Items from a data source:
————————

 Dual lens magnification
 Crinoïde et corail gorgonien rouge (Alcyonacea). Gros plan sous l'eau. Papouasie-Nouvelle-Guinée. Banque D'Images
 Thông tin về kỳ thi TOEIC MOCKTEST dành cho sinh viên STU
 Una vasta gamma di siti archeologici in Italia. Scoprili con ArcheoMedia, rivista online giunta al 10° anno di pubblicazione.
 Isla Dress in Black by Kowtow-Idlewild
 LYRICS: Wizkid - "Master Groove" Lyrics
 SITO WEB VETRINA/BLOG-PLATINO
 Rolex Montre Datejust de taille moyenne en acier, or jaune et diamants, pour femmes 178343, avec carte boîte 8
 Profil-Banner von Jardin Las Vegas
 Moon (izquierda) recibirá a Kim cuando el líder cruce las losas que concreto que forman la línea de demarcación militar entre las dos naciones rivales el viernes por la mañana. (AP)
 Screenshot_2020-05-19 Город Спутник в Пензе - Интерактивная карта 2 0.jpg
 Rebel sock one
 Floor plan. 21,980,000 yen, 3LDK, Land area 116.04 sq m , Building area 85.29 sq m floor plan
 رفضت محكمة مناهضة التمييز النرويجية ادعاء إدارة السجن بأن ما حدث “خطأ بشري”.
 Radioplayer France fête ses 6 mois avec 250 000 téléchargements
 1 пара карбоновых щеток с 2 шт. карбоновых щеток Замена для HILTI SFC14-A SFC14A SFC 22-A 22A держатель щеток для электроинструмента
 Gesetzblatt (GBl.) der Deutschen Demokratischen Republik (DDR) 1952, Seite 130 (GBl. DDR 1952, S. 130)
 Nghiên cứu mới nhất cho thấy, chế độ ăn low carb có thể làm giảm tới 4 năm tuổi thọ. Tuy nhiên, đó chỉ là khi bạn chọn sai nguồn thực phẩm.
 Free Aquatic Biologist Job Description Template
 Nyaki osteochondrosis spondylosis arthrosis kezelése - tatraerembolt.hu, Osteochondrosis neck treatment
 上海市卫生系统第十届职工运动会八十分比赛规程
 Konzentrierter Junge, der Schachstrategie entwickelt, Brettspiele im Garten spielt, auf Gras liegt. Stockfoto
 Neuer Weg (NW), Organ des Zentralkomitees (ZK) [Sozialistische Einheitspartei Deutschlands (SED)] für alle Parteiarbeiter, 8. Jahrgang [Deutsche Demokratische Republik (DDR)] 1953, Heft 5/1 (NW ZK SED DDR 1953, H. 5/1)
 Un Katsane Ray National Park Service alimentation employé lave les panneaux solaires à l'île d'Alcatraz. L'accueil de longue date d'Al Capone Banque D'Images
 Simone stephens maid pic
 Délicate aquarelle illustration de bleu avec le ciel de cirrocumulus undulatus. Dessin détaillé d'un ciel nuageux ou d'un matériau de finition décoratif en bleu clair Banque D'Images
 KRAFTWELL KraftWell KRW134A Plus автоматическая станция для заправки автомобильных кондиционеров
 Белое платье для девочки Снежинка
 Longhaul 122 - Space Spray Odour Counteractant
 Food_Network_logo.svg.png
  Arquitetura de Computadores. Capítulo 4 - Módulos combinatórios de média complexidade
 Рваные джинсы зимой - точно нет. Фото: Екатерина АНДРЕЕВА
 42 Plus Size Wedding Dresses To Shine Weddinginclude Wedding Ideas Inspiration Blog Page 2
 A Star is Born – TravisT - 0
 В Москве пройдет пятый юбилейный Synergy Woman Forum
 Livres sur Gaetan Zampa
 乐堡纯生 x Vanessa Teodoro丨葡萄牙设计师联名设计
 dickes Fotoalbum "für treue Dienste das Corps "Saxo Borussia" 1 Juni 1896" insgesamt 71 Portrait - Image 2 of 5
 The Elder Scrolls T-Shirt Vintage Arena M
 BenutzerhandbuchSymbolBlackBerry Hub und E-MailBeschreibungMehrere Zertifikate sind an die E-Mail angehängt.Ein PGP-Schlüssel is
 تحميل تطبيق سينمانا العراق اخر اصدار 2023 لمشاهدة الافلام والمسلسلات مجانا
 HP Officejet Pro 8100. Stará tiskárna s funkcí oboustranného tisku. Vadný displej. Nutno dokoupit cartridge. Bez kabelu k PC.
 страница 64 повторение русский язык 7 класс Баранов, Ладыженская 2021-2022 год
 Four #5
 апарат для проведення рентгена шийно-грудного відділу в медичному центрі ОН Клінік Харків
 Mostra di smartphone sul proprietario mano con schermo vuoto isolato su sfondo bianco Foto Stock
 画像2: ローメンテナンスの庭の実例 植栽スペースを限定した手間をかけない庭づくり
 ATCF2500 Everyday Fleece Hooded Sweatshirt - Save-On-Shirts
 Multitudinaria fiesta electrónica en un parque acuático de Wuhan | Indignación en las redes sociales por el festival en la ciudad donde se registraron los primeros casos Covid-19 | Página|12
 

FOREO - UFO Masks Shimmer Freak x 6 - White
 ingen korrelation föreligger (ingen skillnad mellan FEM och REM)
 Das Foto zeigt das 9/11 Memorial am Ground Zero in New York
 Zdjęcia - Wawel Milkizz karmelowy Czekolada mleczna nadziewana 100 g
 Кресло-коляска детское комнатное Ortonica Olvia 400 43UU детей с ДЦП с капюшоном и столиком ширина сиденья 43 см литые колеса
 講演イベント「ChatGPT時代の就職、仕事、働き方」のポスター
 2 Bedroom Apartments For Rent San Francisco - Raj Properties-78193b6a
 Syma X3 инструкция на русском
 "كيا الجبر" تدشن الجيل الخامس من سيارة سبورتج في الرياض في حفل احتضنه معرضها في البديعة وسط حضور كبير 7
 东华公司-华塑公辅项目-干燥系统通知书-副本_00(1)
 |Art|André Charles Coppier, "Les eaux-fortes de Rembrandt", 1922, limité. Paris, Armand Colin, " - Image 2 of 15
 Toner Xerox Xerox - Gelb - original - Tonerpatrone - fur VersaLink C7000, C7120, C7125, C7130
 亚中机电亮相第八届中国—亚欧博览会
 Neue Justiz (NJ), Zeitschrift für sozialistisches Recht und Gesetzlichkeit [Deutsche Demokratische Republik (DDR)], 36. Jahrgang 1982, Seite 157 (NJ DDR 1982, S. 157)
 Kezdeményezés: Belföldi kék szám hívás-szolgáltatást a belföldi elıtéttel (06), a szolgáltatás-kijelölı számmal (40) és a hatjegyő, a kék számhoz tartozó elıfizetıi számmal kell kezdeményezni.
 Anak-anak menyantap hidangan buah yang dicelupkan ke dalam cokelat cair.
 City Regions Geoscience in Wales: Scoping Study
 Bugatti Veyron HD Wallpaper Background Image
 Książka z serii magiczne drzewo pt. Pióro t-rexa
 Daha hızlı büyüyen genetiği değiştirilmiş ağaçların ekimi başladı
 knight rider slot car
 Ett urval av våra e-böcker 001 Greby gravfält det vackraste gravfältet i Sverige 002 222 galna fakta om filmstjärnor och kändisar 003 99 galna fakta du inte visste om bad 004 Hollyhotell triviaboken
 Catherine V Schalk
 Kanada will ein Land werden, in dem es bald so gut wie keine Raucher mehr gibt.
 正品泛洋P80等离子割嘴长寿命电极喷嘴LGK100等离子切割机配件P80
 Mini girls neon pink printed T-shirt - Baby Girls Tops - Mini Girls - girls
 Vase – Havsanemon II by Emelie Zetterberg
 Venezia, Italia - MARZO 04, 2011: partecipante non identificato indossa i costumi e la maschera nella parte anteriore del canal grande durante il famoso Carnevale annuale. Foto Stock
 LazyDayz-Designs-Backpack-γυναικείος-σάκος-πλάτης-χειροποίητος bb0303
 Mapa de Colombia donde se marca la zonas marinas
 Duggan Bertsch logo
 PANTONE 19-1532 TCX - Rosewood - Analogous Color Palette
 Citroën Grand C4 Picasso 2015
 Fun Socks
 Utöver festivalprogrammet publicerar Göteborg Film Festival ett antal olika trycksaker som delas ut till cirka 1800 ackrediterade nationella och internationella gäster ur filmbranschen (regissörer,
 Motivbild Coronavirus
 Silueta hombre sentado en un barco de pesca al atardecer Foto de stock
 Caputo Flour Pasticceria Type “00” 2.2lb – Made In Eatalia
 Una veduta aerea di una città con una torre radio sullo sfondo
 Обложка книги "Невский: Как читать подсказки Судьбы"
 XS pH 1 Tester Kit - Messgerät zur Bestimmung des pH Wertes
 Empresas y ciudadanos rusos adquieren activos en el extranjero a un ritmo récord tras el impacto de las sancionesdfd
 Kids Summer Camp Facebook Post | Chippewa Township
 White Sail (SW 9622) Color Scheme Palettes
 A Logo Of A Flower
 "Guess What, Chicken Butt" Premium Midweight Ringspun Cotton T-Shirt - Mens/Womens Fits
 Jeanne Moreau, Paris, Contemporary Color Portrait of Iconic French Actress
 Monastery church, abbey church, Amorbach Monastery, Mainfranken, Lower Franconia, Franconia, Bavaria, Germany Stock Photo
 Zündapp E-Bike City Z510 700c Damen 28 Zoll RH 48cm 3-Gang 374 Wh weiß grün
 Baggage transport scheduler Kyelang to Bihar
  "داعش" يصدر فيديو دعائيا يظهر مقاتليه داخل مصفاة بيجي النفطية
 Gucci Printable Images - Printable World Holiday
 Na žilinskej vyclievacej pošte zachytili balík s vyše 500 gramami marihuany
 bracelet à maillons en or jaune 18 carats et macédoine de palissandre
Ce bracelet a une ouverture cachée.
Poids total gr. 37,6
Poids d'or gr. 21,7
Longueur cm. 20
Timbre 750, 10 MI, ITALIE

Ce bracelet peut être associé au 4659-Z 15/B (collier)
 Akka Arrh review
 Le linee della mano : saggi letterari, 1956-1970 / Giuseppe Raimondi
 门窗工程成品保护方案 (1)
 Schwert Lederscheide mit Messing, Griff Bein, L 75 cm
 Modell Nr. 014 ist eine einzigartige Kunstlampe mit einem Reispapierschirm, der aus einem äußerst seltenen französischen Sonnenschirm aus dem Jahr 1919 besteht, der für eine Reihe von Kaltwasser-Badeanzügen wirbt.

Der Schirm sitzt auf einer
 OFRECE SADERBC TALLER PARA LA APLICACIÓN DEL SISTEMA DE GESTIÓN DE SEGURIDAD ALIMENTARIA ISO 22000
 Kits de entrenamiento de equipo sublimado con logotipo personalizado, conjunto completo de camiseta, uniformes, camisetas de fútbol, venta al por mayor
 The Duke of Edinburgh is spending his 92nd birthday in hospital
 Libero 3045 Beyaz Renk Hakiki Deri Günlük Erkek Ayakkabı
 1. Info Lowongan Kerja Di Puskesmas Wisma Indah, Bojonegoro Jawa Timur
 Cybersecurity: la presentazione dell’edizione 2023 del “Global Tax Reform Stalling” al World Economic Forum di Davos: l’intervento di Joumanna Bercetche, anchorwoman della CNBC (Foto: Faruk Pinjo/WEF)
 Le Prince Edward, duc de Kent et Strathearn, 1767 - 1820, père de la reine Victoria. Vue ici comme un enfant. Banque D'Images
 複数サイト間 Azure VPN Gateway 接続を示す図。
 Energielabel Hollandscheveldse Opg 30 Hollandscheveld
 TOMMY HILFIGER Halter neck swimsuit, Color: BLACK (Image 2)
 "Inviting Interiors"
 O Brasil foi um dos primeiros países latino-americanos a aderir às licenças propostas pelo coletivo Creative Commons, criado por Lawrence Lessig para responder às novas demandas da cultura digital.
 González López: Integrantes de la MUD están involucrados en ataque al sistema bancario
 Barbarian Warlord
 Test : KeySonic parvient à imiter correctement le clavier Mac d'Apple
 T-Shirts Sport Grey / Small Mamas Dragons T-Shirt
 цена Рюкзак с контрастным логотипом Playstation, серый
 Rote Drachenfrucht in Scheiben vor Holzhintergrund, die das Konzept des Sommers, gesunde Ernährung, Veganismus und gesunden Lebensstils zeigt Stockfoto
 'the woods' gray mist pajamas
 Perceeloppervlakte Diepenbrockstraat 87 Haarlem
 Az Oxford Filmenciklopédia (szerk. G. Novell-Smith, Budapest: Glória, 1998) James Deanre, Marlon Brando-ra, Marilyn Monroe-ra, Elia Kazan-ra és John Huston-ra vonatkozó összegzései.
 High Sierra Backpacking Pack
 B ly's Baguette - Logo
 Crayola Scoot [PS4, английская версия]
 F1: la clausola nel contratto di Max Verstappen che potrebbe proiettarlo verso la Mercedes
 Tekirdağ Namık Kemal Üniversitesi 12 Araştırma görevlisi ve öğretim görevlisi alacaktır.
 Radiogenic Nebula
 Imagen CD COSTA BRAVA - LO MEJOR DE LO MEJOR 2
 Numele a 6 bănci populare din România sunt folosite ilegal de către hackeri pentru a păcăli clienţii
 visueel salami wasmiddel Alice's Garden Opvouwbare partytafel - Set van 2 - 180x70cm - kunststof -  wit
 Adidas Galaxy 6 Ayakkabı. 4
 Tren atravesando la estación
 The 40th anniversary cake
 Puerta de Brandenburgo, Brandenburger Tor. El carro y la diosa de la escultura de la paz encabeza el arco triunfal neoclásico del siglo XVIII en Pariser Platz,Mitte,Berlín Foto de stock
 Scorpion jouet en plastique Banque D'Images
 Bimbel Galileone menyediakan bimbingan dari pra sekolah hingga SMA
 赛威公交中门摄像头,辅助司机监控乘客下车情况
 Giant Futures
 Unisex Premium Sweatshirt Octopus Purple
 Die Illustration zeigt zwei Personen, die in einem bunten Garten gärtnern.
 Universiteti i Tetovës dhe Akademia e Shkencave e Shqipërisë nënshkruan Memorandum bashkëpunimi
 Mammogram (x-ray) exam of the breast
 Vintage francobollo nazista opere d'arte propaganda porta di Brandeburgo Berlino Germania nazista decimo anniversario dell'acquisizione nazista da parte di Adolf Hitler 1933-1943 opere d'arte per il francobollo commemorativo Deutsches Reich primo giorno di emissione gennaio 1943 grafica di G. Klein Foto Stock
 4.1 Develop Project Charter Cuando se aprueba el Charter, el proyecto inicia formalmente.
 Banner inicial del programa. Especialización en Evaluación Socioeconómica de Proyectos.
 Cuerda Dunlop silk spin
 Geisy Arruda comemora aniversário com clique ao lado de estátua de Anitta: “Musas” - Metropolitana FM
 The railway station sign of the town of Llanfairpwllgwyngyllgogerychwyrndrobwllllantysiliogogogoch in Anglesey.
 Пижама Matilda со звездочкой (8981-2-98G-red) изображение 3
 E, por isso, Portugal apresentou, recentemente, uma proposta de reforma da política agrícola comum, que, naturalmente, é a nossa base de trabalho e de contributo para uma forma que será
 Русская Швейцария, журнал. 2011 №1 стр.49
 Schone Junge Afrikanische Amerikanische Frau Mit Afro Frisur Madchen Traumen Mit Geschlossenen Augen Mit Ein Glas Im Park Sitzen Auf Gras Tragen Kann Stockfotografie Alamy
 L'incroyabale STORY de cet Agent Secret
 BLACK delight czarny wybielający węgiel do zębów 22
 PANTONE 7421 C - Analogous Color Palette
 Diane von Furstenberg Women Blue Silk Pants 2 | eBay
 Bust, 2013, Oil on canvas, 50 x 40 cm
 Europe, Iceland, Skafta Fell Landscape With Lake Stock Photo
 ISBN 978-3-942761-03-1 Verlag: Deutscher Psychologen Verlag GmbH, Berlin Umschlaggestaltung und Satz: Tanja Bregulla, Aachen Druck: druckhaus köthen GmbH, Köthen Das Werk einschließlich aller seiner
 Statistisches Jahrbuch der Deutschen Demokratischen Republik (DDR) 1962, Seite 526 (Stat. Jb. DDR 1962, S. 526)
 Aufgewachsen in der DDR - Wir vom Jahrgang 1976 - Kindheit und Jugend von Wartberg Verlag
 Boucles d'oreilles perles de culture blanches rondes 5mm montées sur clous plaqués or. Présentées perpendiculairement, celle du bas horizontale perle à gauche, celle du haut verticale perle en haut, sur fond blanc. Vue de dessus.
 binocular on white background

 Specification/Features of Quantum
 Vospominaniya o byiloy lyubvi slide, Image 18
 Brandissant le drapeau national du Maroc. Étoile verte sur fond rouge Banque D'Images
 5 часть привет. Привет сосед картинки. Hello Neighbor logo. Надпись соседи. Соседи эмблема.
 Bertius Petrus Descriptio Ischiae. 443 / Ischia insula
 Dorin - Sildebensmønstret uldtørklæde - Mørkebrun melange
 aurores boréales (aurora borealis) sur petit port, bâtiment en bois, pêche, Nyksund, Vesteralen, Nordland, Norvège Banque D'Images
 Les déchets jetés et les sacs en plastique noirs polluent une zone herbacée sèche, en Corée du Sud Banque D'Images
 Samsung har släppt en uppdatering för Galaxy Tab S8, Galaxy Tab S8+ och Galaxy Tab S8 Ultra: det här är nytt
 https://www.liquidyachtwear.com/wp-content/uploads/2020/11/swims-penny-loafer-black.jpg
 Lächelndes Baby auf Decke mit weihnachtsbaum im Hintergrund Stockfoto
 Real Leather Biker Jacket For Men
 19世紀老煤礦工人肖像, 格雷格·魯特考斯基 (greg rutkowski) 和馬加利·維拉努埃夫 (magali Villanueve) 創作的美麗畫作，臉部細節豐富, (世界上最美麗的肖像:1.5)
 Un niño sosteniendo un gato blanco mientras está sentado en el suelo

————————

YOUR INSTRUCTIONS =>
Scan the entries above for the line containing "XS pH 1 Tester", and copy it and all lines after it exactly, down to and including the line containing "Baggage transport scheduler Kyelang to Bihar".

EXERCISE OUTPUT =>
 XS pH 1 Tester Kit - Messgerät zur Bestimmung des pH Wertes
 Empresas y ciudadanos rusos adquieren activos en el extranjero a un ritmo récord tras el impacto de las sancionesdfd
 Kids Summer Camp Facebook Post | Chippewa Township
 White Sail (SW 9622) Color Scheme Palettes
 A Logo Of A Flower
 "Guess What, Chicken Butt" Premium Midweight Ringspun Cotton T-Shirt - Mens/Womens Fits
 Jeanne Moreau, Paris, Contemporary Color Portrait of Iconic French Actress
 Monastery church, abbey church, Amorbach Monastery, Mainfranken, Lower Franconia, Franconia, Bavaria, Germany Stock Photo
 Zündapp E-Bike City Z510 700c Damen 28 Zoll RH 48cm 3-Gang 374 Wh weiß grün
 Baggage transport scheduler Kyelang to Bihar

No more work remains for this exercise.